There's a good amount of subjectivity regarding baseball prospects. With the evaluation of talent being in the eye of the beholder, finding a consensus is often difficult. Even Jim Callis and Jonathan Mayo at MLBPipeline.com don't always see eye-to-eye. They'll be discussing their viewpoints regularly in a feature called Pipeline Perspectives. Submit a topic for them to debate.
It's not so easy to find players who fit the offensive description of prototypical third basemen, ones who can hit for power and drive in runs. Even our fairly robust list of Top 10 third-base prospects doesn't include many who one can be nearly certain will be middle-of-the-order types in future big league lineups.
There are two, though, who fit the mold almost perfectly: Miguel Sano and Kris Bryant, ranked Nos. 3 and 35 on MLB.com's overall Top 100 Prospects list. If you were looking for a knock-down, drag-out fight over this one, you'll have to wait for another Perspectives. Jim and I agree that both Sano and Bryant have the potential to be extremely productive Major League players in the future. That being said, we did have to choose sides, so Jim went with Sano and I am giving the slight edge to Bryant.
That margin, however narrow, stems more from my belief that Bryant can be a better defender at third than Sano. Both are big and both will have to prove they can stay there. It wouldn't shock me if either or both of them ended up moving to first base or an outfield corner position. I do believe Bryant is a bit more athletic and he showed an ability to play a solid right field, complete with a plus arm, during his junior year at the University of San Diego. That athleticism will serve him well as he is eager to prove he can be a big man who sticks at third.
I don't think there's anyone who doubts his ability to hit his way to the big leagues. Yes, I'm aware he has 128 professional at-bats (not including his 20 Florida State League playoff at-bats and his 42 in the Arizona Fall League) on his resume so far. But the 2013 Golden Spikes Award winner has made a seamless transition from college to the pro game, showing his power will more than translate.
And he's done it across multiple levels.
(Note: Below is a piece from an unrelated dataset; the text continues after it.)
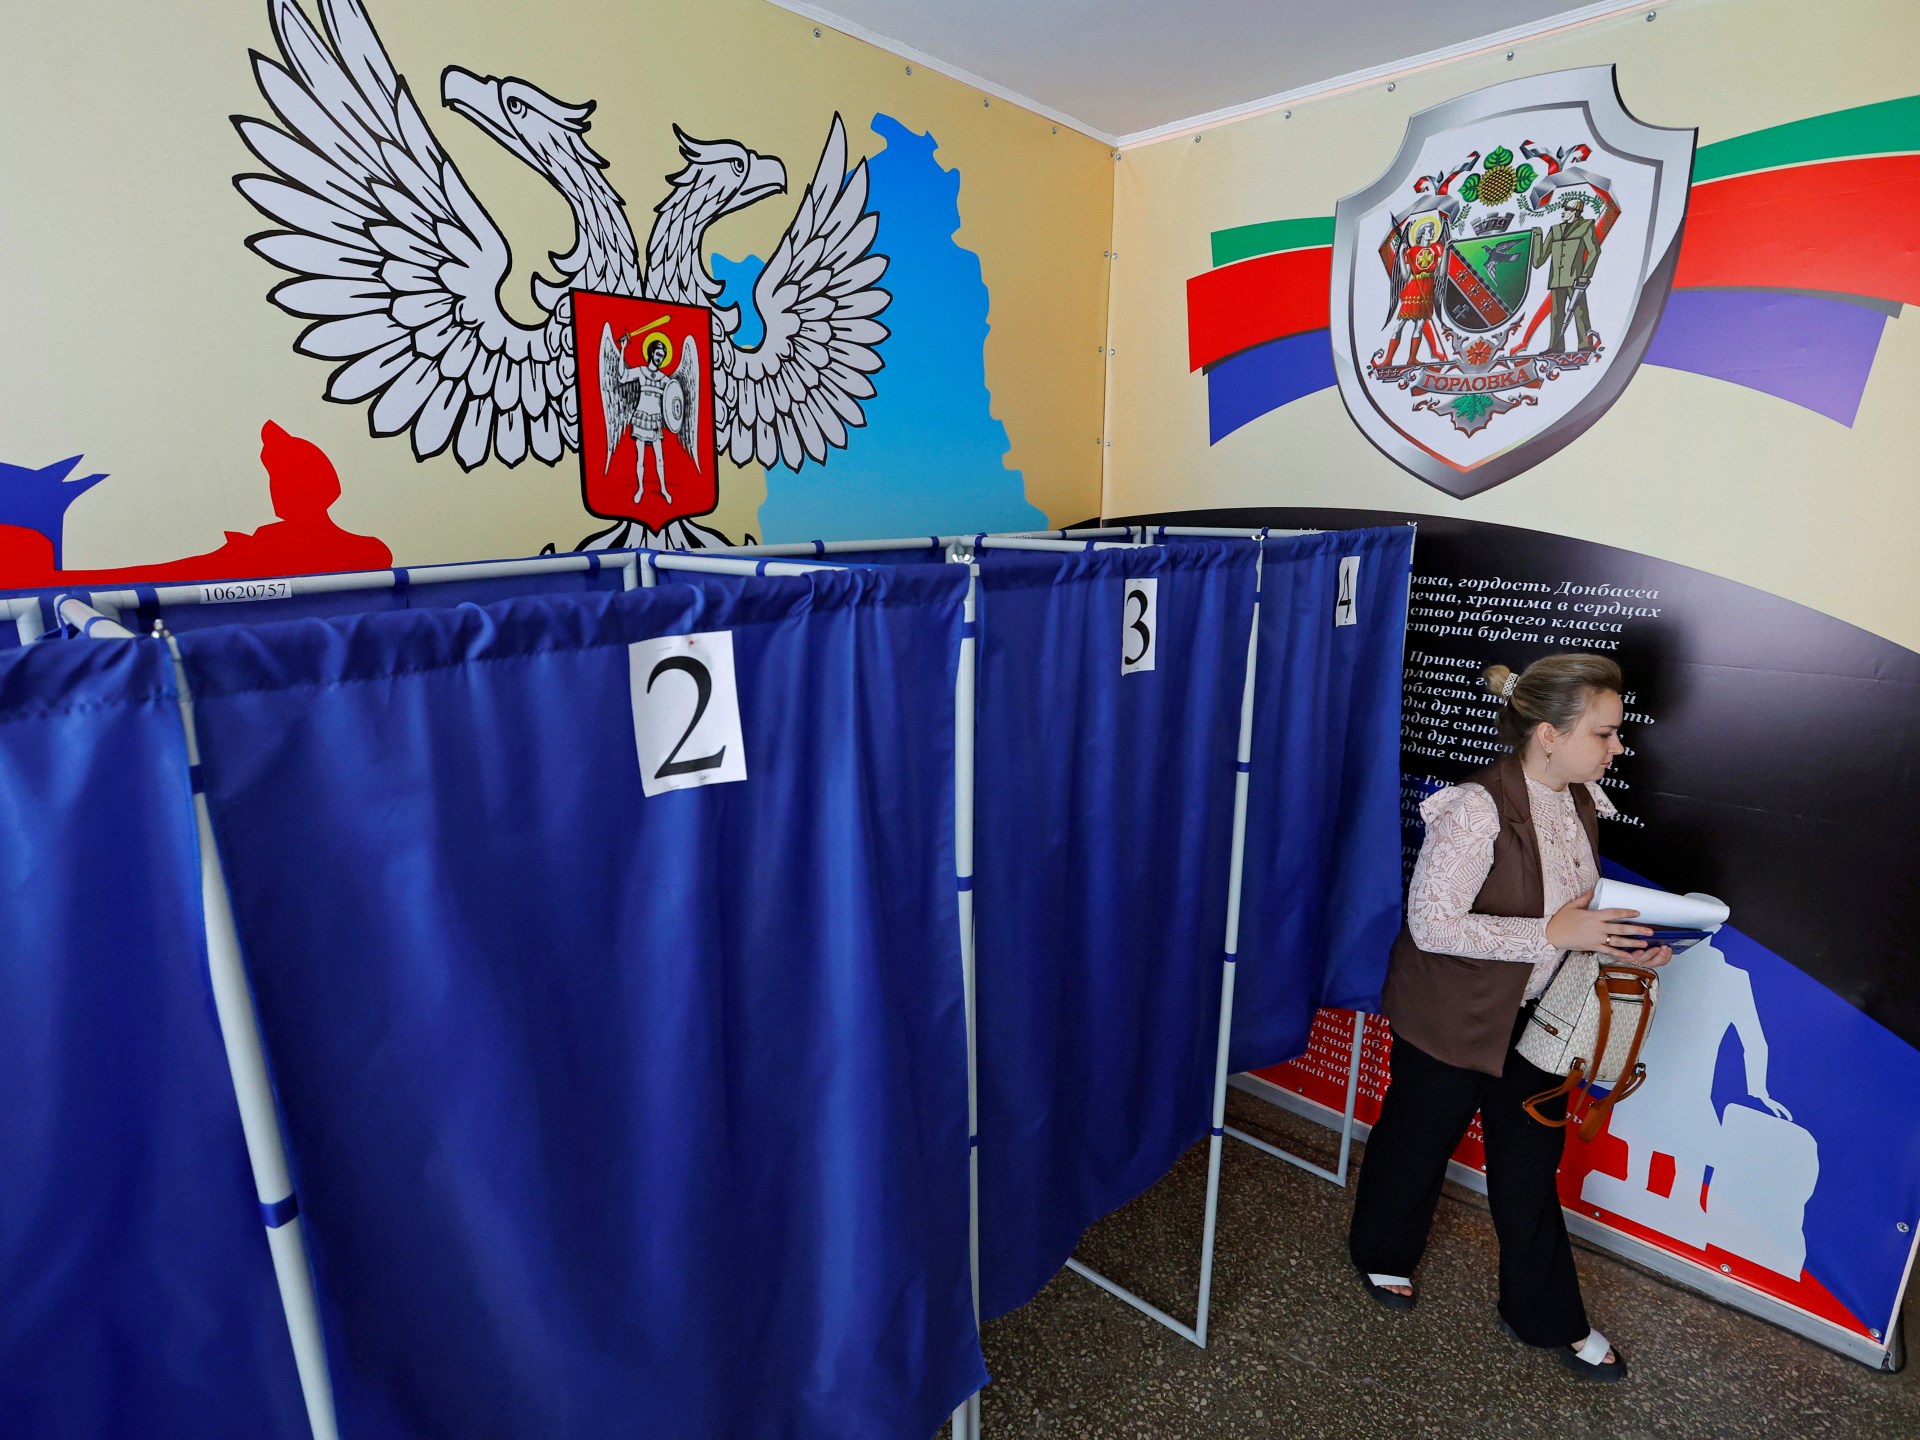 Russia plans presidential vote in annexed Ukrainian regions | News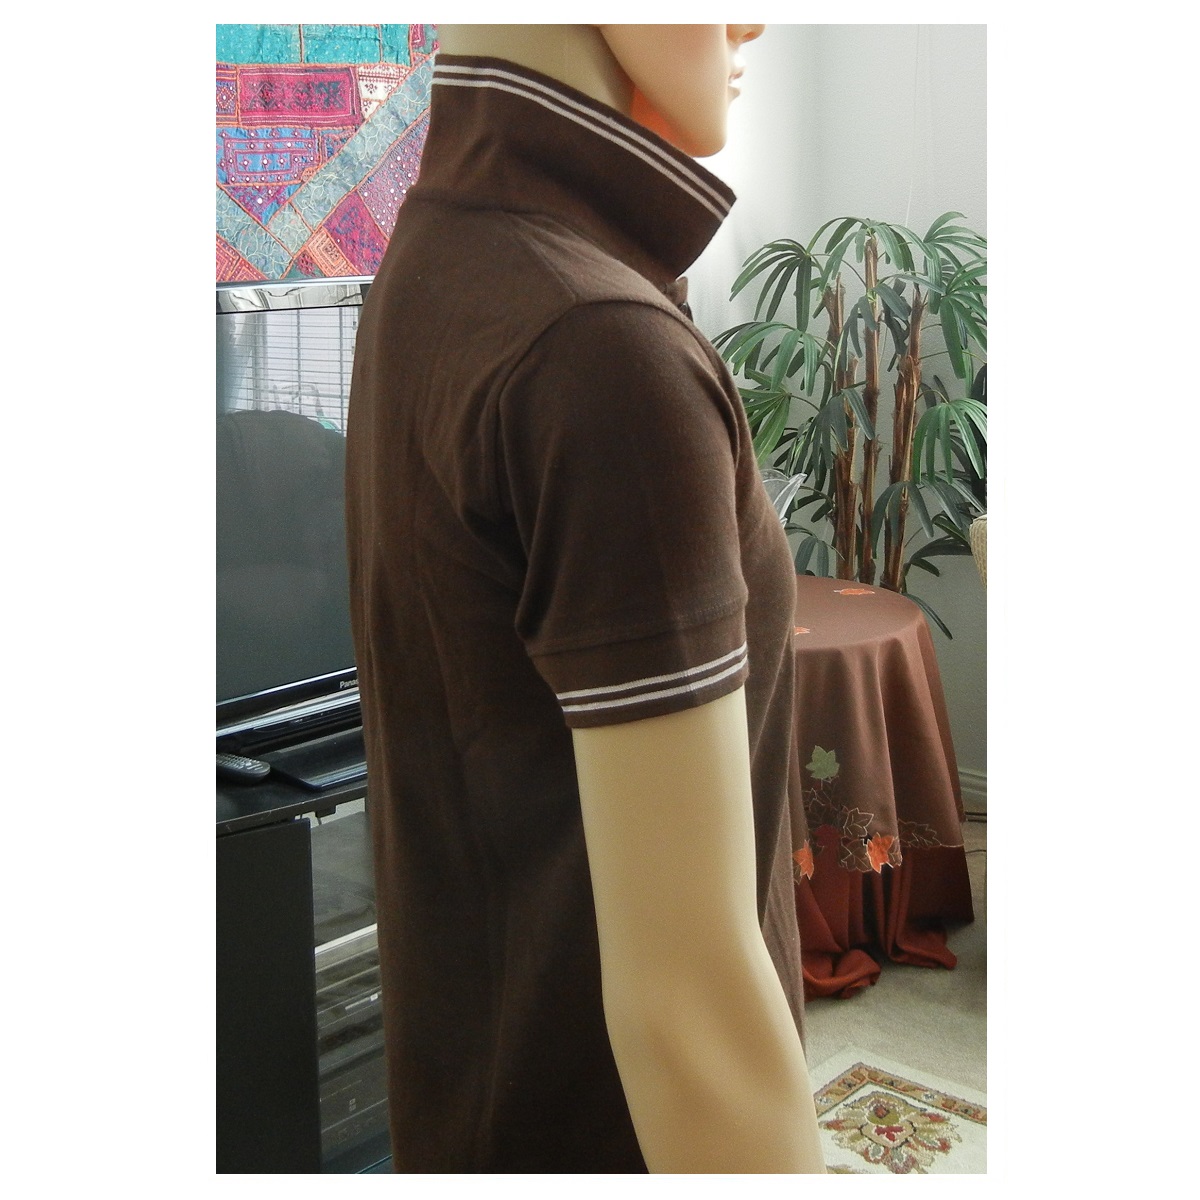 Men's Polo Shirt Golf Shirt Short Sleeve Cotton Shirt with Collar

After a very brief pro introduction in rookie ball, he went to the short-season Northwest League and proceeded to shake off a five-strikeout debut by hitting .354/.416/.692 in 18 games. The Cubs decided that was enough to promote him, but rather than move him up just one step, to the Midwest League, they double-jumped him to the FSL.
All he did there was hit .333/.387/.719 over 16 games, then 7-for-20 with four RBIs in the postseason as Daytona won the league title. He moved on to the Fall League, where he currently is setting the world on fire, leading the league in home runs, RBIs and OPS. Yes, that's a small sample size and the AFL is historically very hitter-friendly, but there's no question taht Bryant is on a super fast track now. One scout said that Bryant is one of the best players he's seen in the Fall League in years. He added that he thought he'd be ready for Chicago at some point next season.
Let's have some fun with projected stats, shall we? Just looking at what he did during the regular season, Bryant hit .336/.390/.688 in 128 at-bats. He had 25 extra-base hits -- 14 doubles, two triples and nine homers. He drove in 32 runs in 36 games. For the sake of this exercise, I'll use Miguel Cabrera as a comparison because, well, doesn't he represent what every team developing a third baseman dreams of?
Cabrera had 555 at-bats in 2013. Using that to project Bryant's debut, it means the future Cubs third baseman could put up a line like this: .336 average, 39 home runs, 139 RBIs. Will he do it as soon as he gets to Wrigley Field? That's unlikely. Will he do it eventually? Count me as one of a growing number of believers.